Miss Joffe told us candidly that if it said, for example, "We think the chances of this lady being kept on if there had been consultation are of the order of 50% and that is the basis on which we make our award", she could have had no complaint. They did not. Maybe of course other tribunals would have felt able to do so, because in all questions of degree and fact, it is for each tribunal to say where it finds the probability lies. This tribunal said, "For us it is impossible". They are entitled to say that. Indeed, in our belief, if they find the task impossible they are obliged to say so and not to try to conceal the fact that they are unable to reach a decision. We are left with the position which is described accurately by the editors of Harvey, that is to say that the employer cannot complain in those circumstances. If he does not adduce evidence on which the Tribunal feels able to act, the Tribunal simply assesses the compensation on the basis that there has been an unfair dismissal, and that all they are sure of is that the unfairness has led to the dismissal, and that, accordingly, the losses which follow from the dismissal are all to be attributed to the unfairness.
It seems to us that this Tribunal, being in this unhappy position (and certainly nobody can criticise them for not taking trouble over it) said exactly that and were obliged to say that. And we think, with all respect to Miss Joffe's argument, that it is based on the false premise that the Tribunal is bound to reach a decision on percentage. They are bound as a matter of law to go through the process of endeavouring to reach such a decision but that entirely begs the question of what happens if they are unable, having heard the evidence, to reach that decision.
This Tribunal were unable to reach that decision.

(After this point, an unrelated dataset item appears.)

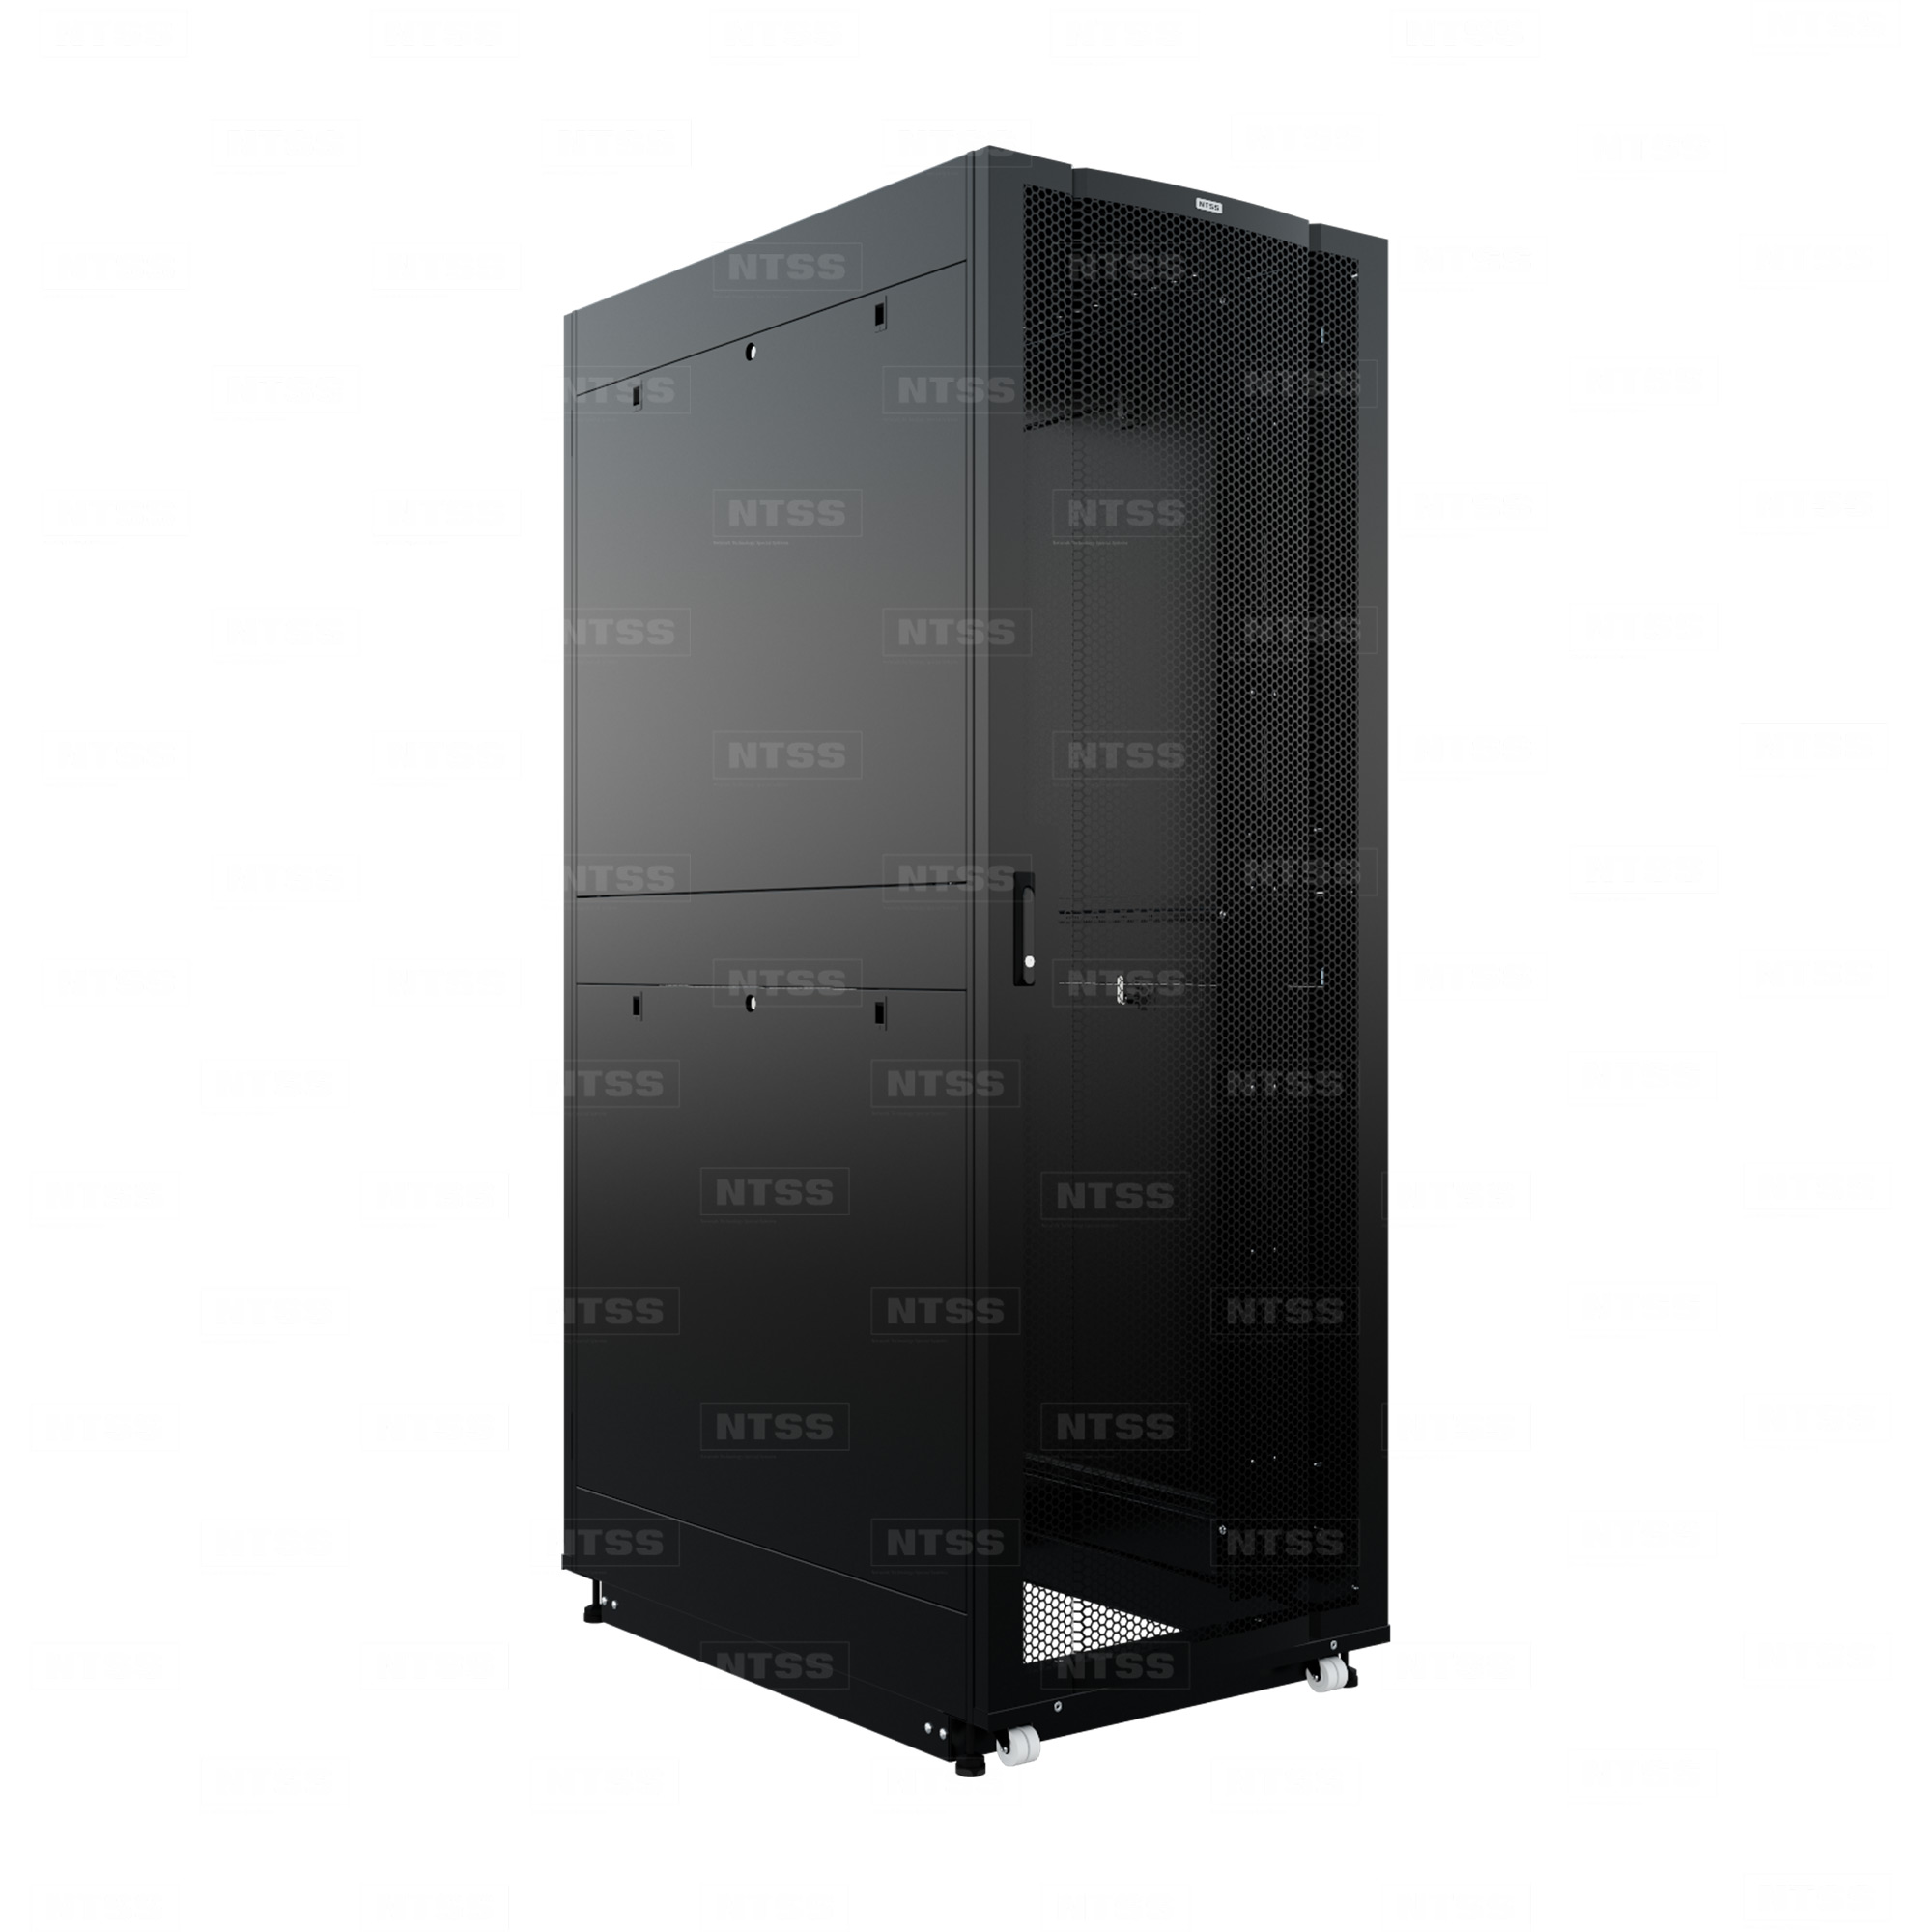 19" Напольный серверный шкаф NTSS ПРОЦОД PC 45U 800х1200 мм, передняя дверь перфорация, задняя дверь распашная двойная перфорированная, боковые стенки, регулируемые опоры, ролики, черный RAL 9005

There is no suggestion whatever, of course, against their integrity in saying that they felt unable to do so and therefore, in the unhappy circumstances of the case, the result which followed was inevitable and we would say, not that it is any consolation of course to the Appellants, that they had only themselves to thank. It would have been perfectly simple for them to consider the questions of warning, consultation and so forth and to have reached a decision as to why it was quite impossible for them, with the aid of course of Mrs Graham, to help her by keeping her on in any capacity. They deliberately, apparently, omitted those matters; or else it was through sheer carelessness. They had "gut feelings", they were unable to think of any reason why they did not consult her, and so forth.
In that unsatisfactory state of affairs, if the Tribunal cannot perform the task which they ask it to, they have, I am afraid, only themselves to blame for it. We cannot find that the criticism in law, which is made of this Tribunal, is sustained and it will not do simply to say that another Tribunal might have reached a different decision.
So for those reasons, having heard Ms Joffe, we did not think it necessary to call on Mr Jones and we say that this appeal does not, in our view, raise any question of law on which we could allow it and the appeal falls to be dismissed.